TASK PROMPT: For this exercise, return all the data word for word, with images left out.

(Beginning of DATA SECTION)

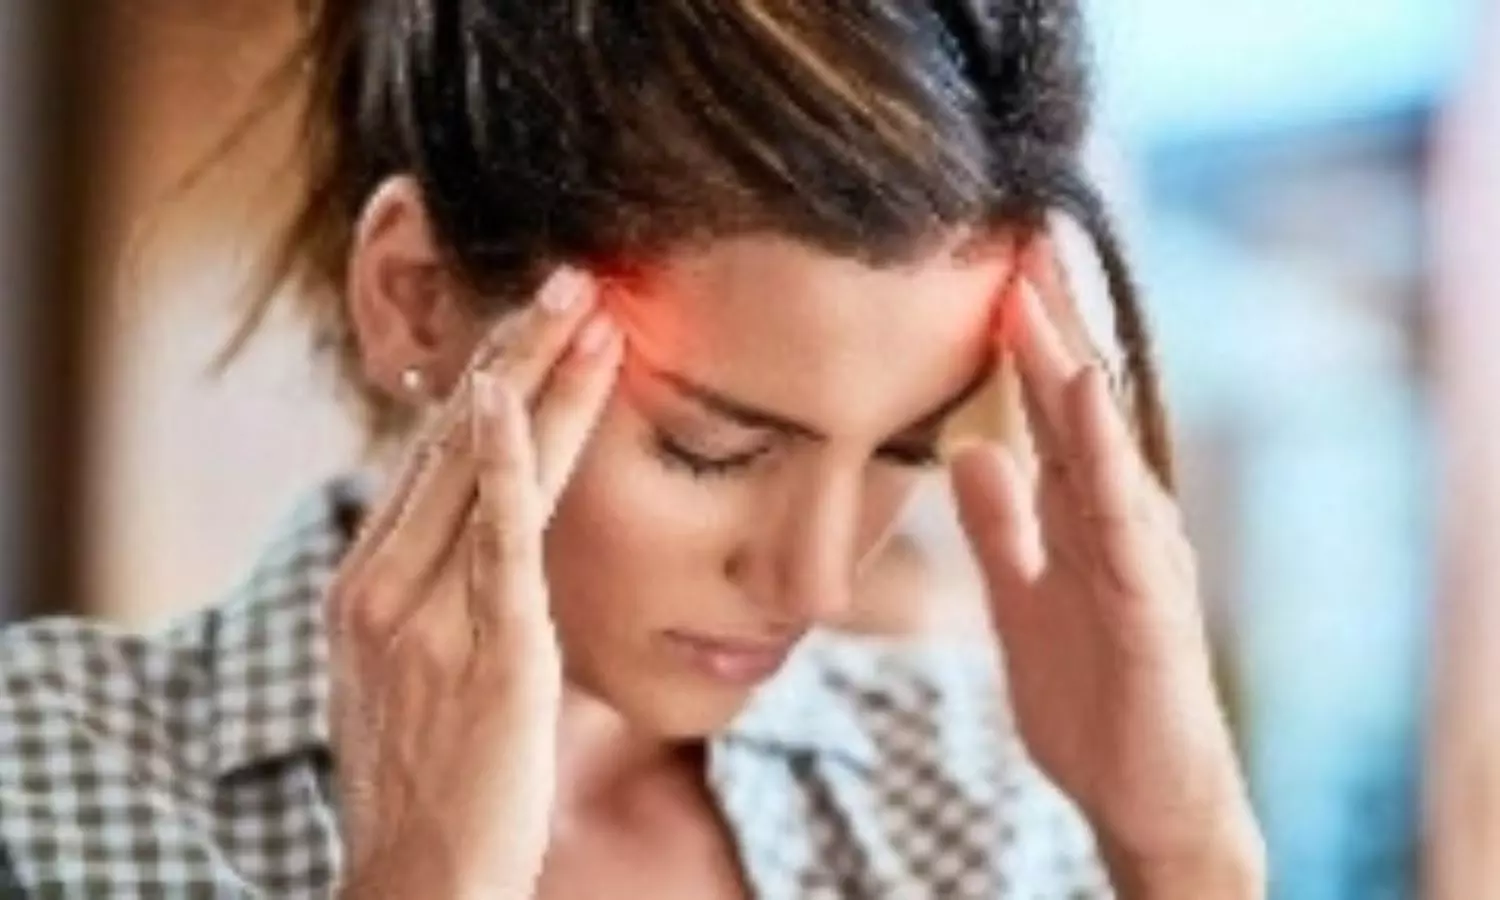 Headache symptoms
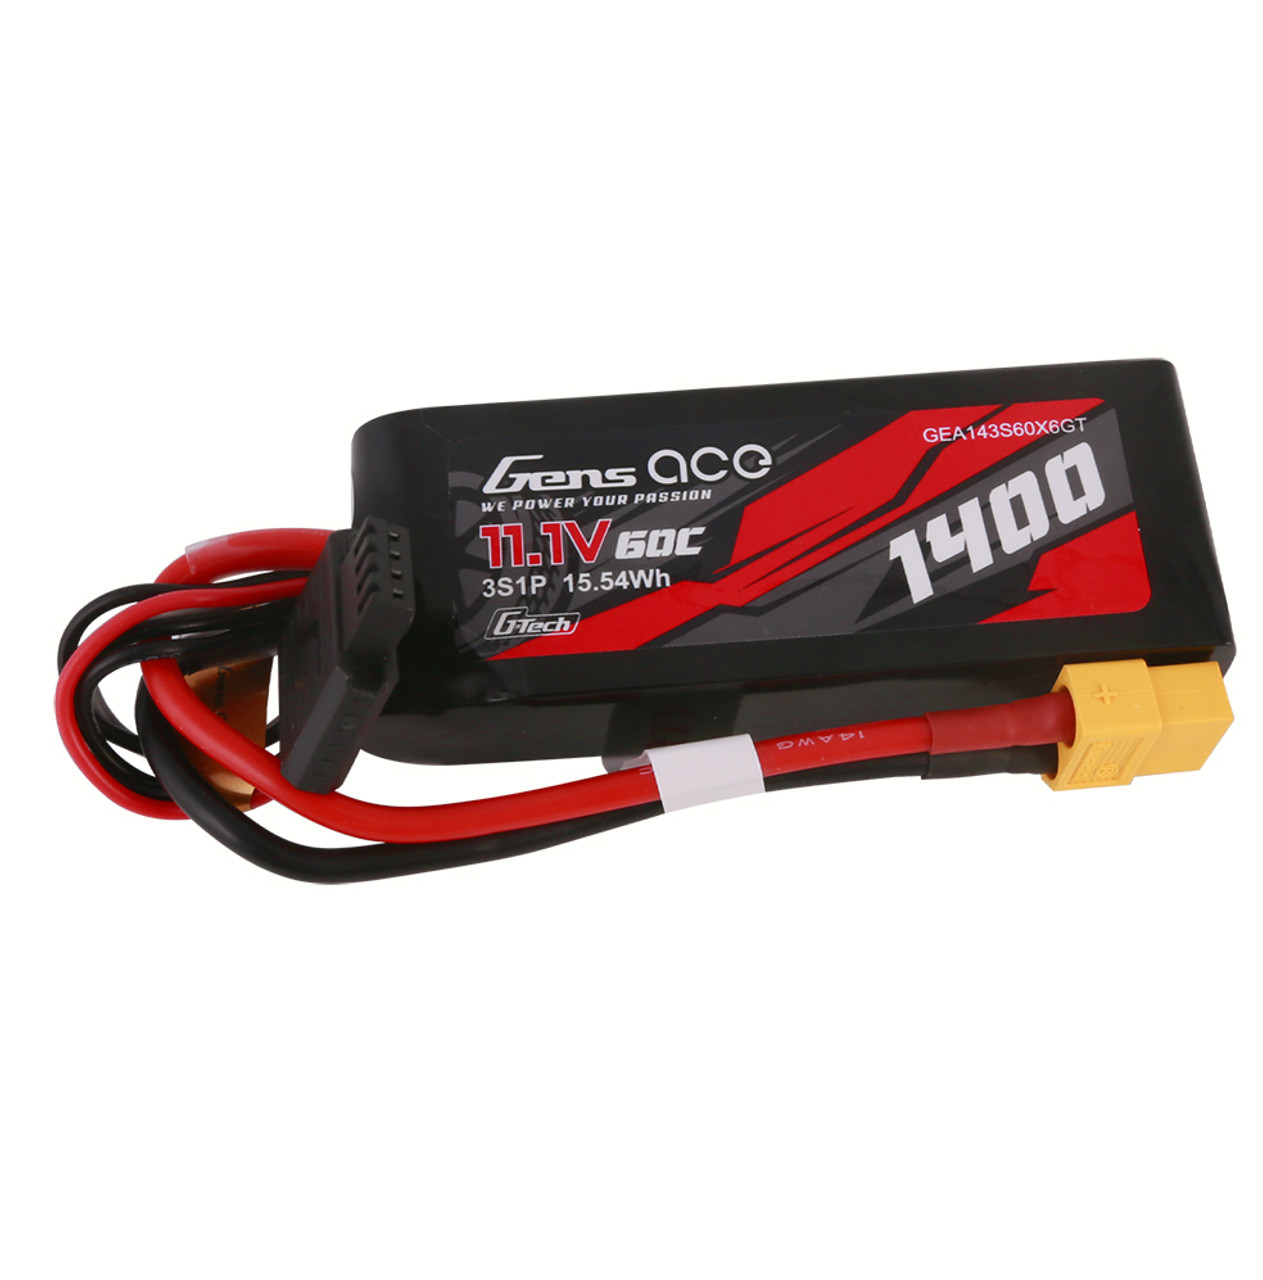 Batterie Lipo 3S 11.1V 2200mAh 30C-XT60
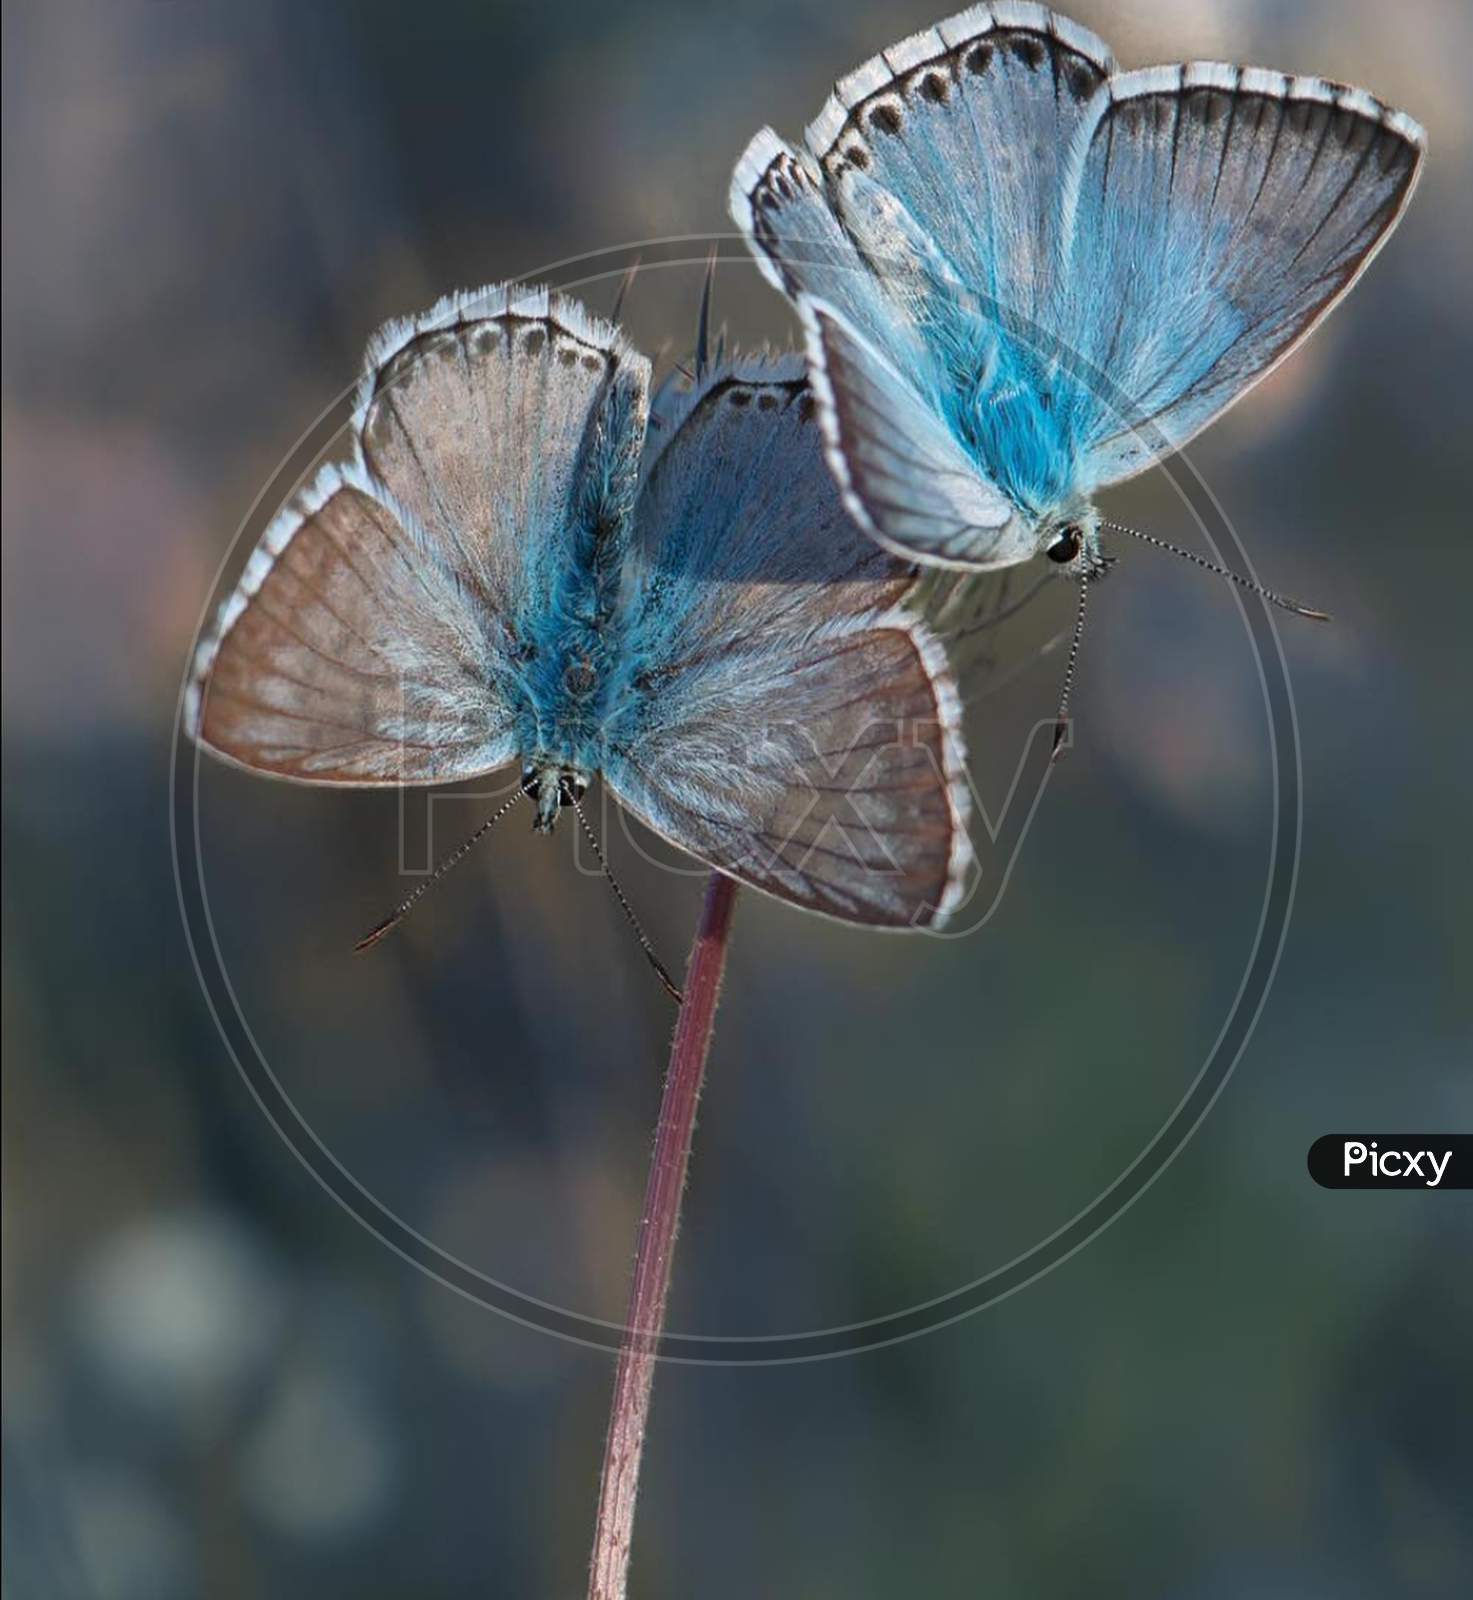 Insect×Remove  Phengaris×Remove  Lycaenid×Remove  Moths and butterflies×Remove  Butterfly×Remove  Plebejus×Remove  Invertebrate×Remove  Chalkhill blue×Remove  Polyommatus×Remove  Common blue×Remove

(End of DATA SECTION)

RESULT OF THIS EXERCISE:
 Headache symptoms
 Batterie Lipo 3S 11.1V 2200mAh 30C-XT60
 Insect×Remove  Phengaris×Remove  Lycaenid×Remove  Moths and butterflies×Remove  Butterfly×Remove  Plebejus×Remove  Invertebrate×Remove  Chalkhill blue×Remove  Polyommatus×Remove  Common blue×Remove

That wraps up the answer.